How to prove the convexity of
$$f (W) = \operatorname{Tr}(WLW^T)$$
where $L$ is a (positive semidefinite) Laplacian matrix?
I need to prove this to build a convex function for optimization in a machine learning method.
How to prove the convexity of
$$f (W) = \operatorname{Tr}(WLW^T)$$
where $L$ is a (positive semidefinite) Laplacian matrix?
I need to prove this to build a convex function for optimization in a machine learning method.
Since $f(W) = \sum_k e_k^T W L W^T e_k$, it suffices to show that $g(W) = v^T W L W^T v $ is convex for any $v$.
Since $L \ge 0$, we have $2 x^Ty \le x^TLx+y^TLy $ for any $x,y$.
Then \begin{eqnarray} g(t W_1+(1-t)W_2) &=& t^2g(W_1)+(1-t)^2g(W_2)+2t(1-t)vW_1LW_2^T v \\ &\le& t^2g(W_1)+(1-t)^2g(W_2)+t(1-t)(g(W_1)+g(W_2)) \\ &=& t g(W_1)+(1-t)g(W_2) \end{eqnarray} and so $g$, and hence $f$, is convex.
A simpler way is to note that since $L \ge 0$ we can write $L=C^TC$ and so $g(v) =\|CW^Tv\|^2$. Since $W \mapsto CW^T v$ is linear, $\|\cdot\|$ is convex and so $W \mapsto \|CW^Tv\|$ is convex.

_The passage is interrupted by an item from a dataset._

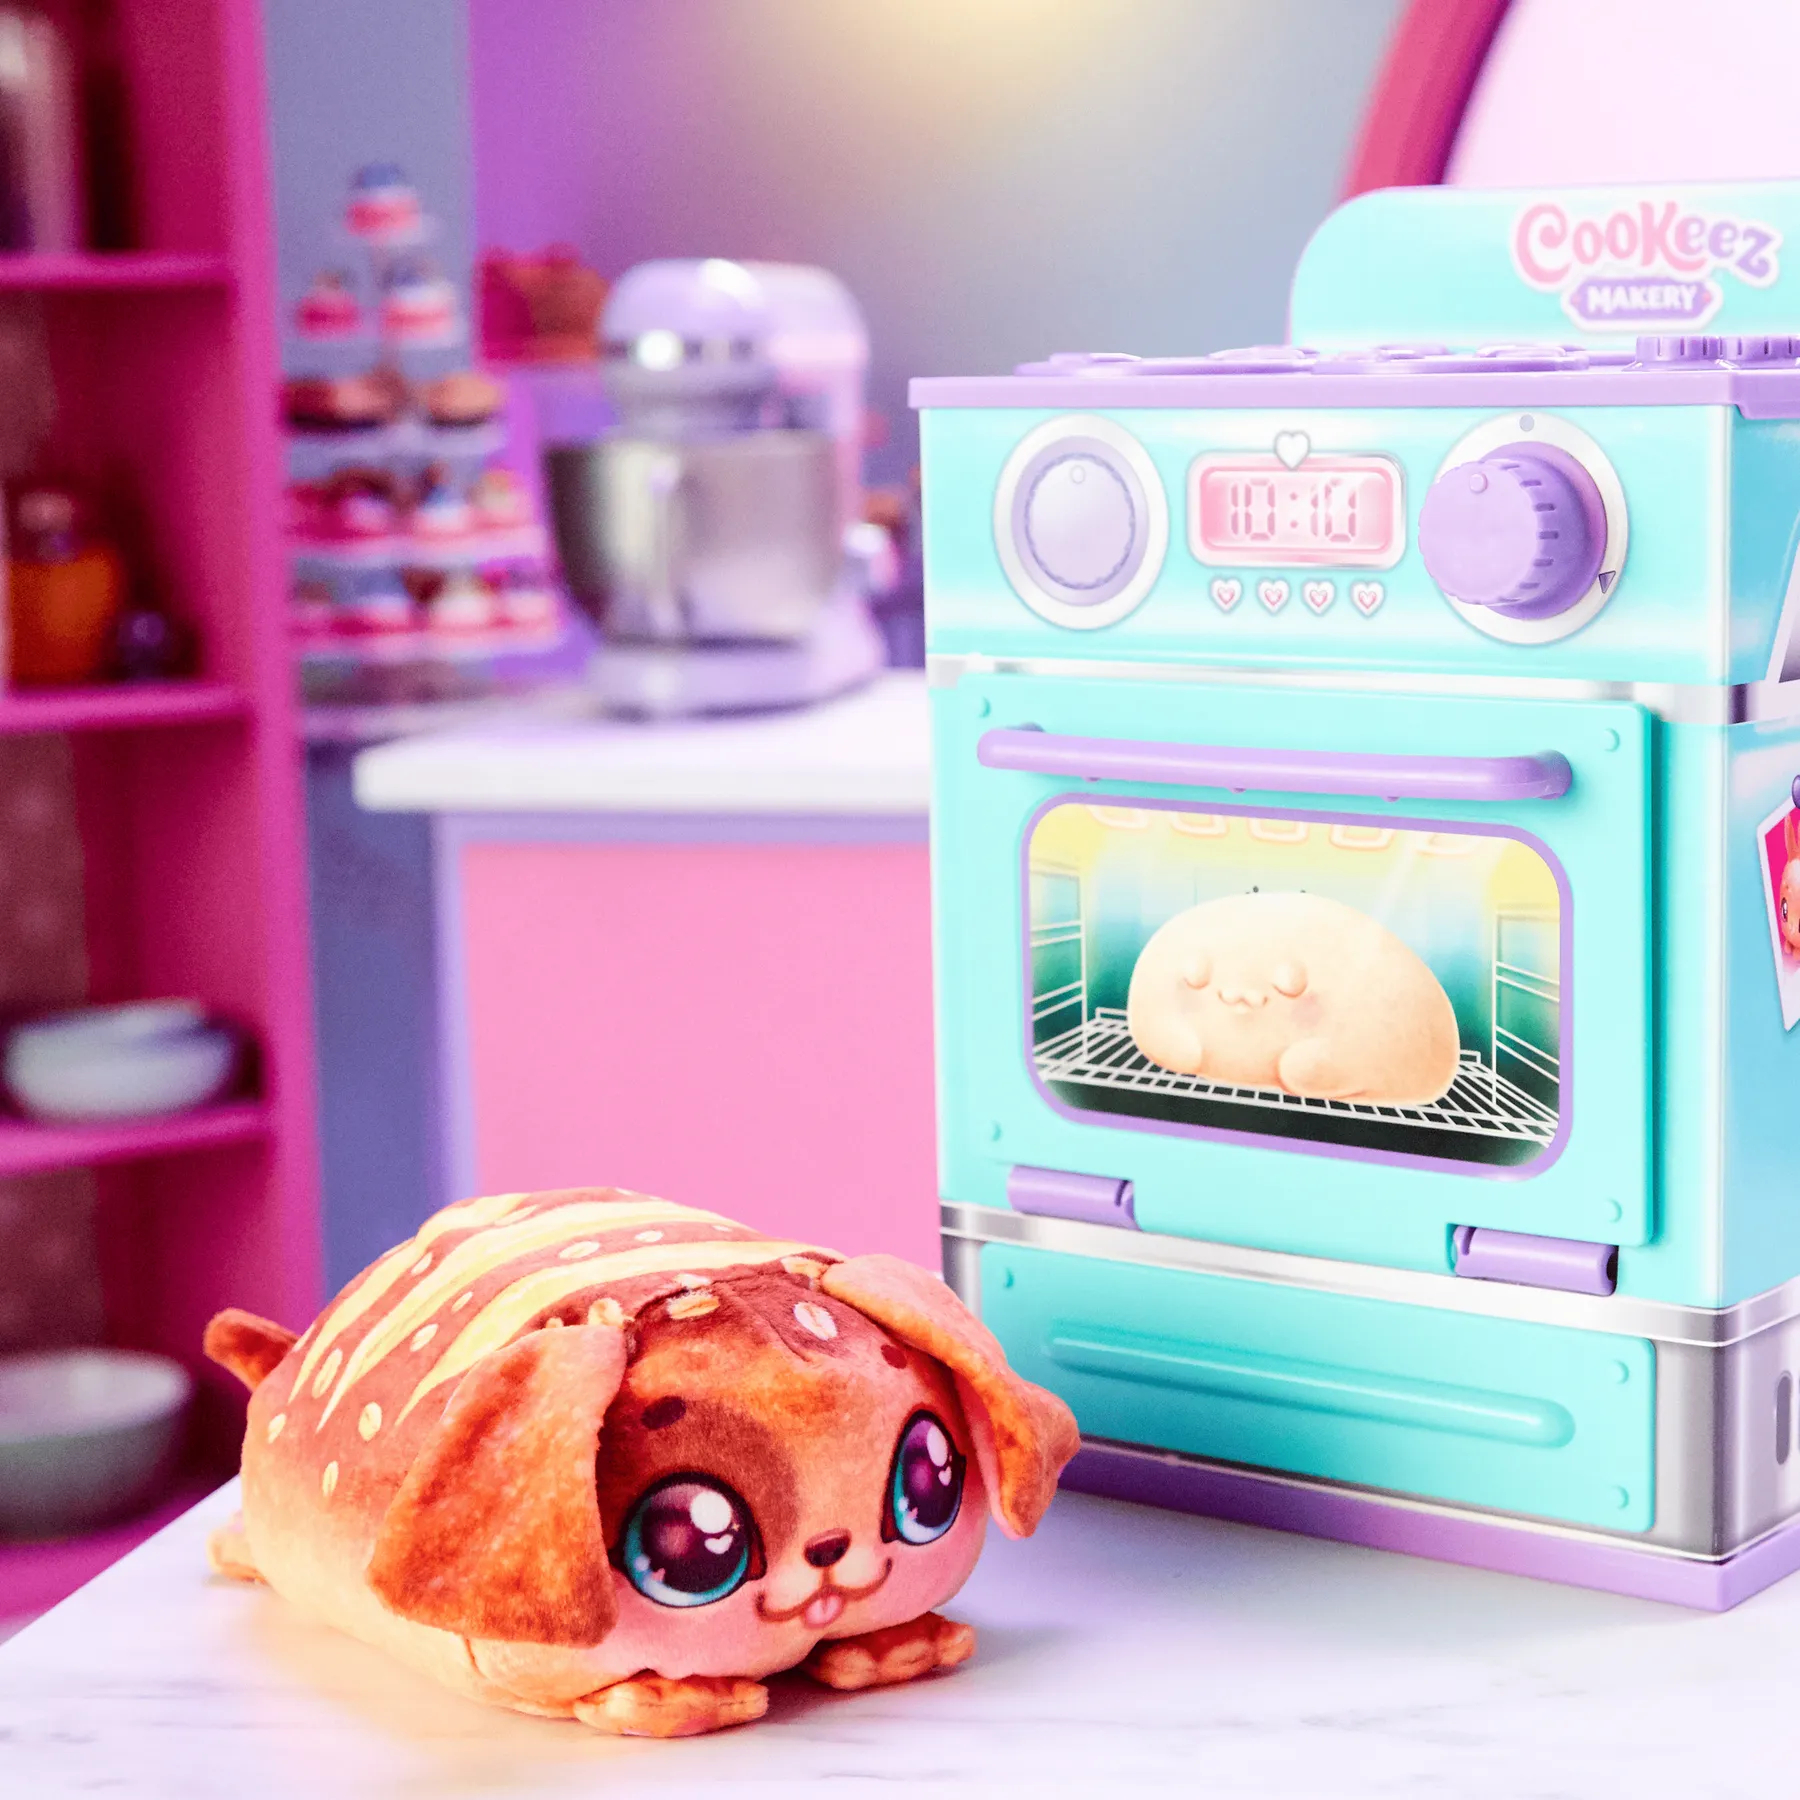 Интерактивная игрушка Cookeez Makery Магическая пекарня Синабон (23502) - фото 2

Since $t \mapsto t^2$ is convex and nondecreasing on $t \ge 0$ we see that $g$ is convex.
An even simpler way is to let $\phi(t) = g(W+tH)$ and compute $\phi''(0) = 2 v^THLH^Tv $ which is $\ge 0$, since $L \ge 0$. Then $t \mapsto g(t W_1+(1-t)W_2)$ is convex and hence so is $g$.